同作の舞台は、怪獣大国と呼ばれている日本。幼いころに住む町が破壊された主人公・日比野カフカは、幼馴染・亜白ミナとともに、「怪獣全滅」を約束する。しかし、32歳になったカフカは、怪獣清掃会社で働いていた。だが後輩の市川レノとともに、一度は諦めた怪獣討伐が目的の防衛隊員への入隊試験に挑むことになった…。

ここ最近描かれてきたのは、カフカたちがミナの部隊とともに怪獣討伐に挑むストーリー。ミナたちはなんとか〝本獣〟を撃破したが、超巨大な〝余獣爆弾〟が爆発しそうになる。

32話では、〝怪獣8号〟に変身したカフカが、爆弾の脅威を退けることに。しかし、その場にいた隊員全員にその正体がバレてしまう。最後はミナに拳銃を突き付けられ、「身柄を拘束する」というセリフで終わるのだった。

『怪獣8号』2週連続の休載に賛否?

かなり続きが気になる展開だが、次の話が掲載されるのは5月14日予定。この知らせに読者から、《漫画家さんは超ハードワークだと思うし、休める時には休んでいいと思うから、休載はいいと思います》《書き込み量を考えたら当然だと思うし、無理してハンターハンターみたいになるのは勘弁》《GWと掲載サイクルの絡みで2週休載するタイミングでこの展開をもってくるの、30年くらい前の「わかってて読者を焦らしてくるジャンプ漫画感」がすごくて、心が小学生になっちゃった》《めちゃいい所で2週休載でえーんってなったけど、GWだもんね…という納得して、なるほどいい世の中になったもんだと思った》といった納得の声があがっている。

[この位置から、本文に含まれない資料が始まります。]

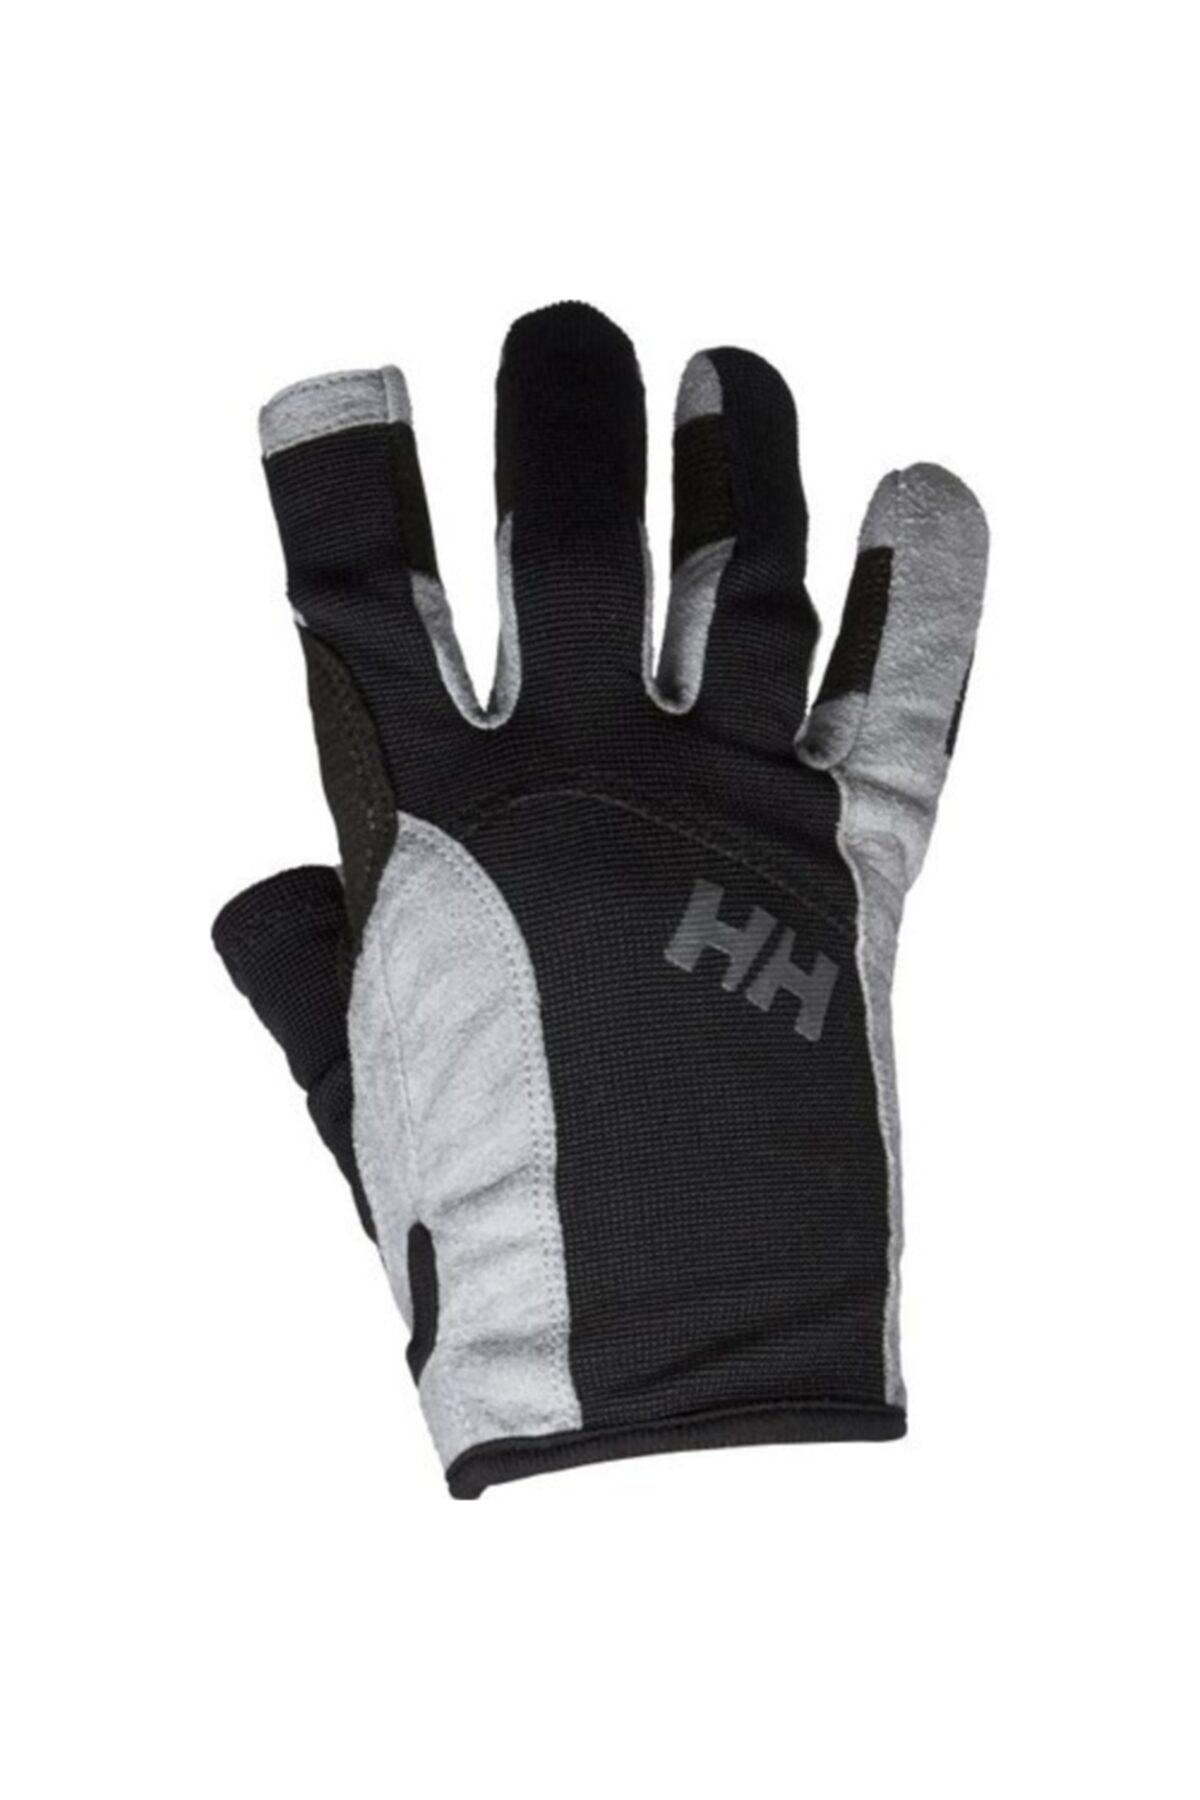 Helly Hansen Sailing Glove Long Uzun Yelken Eldiveni 1

しかし一方で、一部の漫画ファンからは《引き伸ばしえぐいよな》《ジャンプラ勢いある!とか言われてるけど、休載と話の進まなさは月刊以下》《本誌が基本毎週載ってることのスゴさを再確認できるわな》《休載でもランクインさせるバカ信者が甘やかすからや》といった厳しい声も。

『怪獣8号』は連載当初、毎週金曜日に更新されていたが、昨年8月ごろから〝描き溜めが無くなった〟という理由で、3話描いて休載する流れができていた。現在、働き方改革の波は、漫画業界にも波及しているのだろう。体調不良を理由に、雑誌が発売間近でも休載を発表するケースが目立ってきたように思える。

元来、どんなに売れっ子であろうとも(売れっ子で多忙だからこそかもしれないが)漫画家の寿命は短く、手塚治虫、藤子・F・不二雄、石ノ森章太郎は全員60歳ごろで亡くなっている。また、20代で亡くなる著名作家もおり、その過酷な現場は近年も問題視されてきた。

しかし一方で、93歳で亡くなった水木しげるや、現在87歳の藤子不二雄A、84歳のさいとう・たかをといったレジェンド作家も、一部だが存在する。要は自分のペースに合わせた制作が大事ということなのだろう。

人々を楽しませてくれる漫画家たちには、健康第一で面白い作品を届けてもらいたいものだ。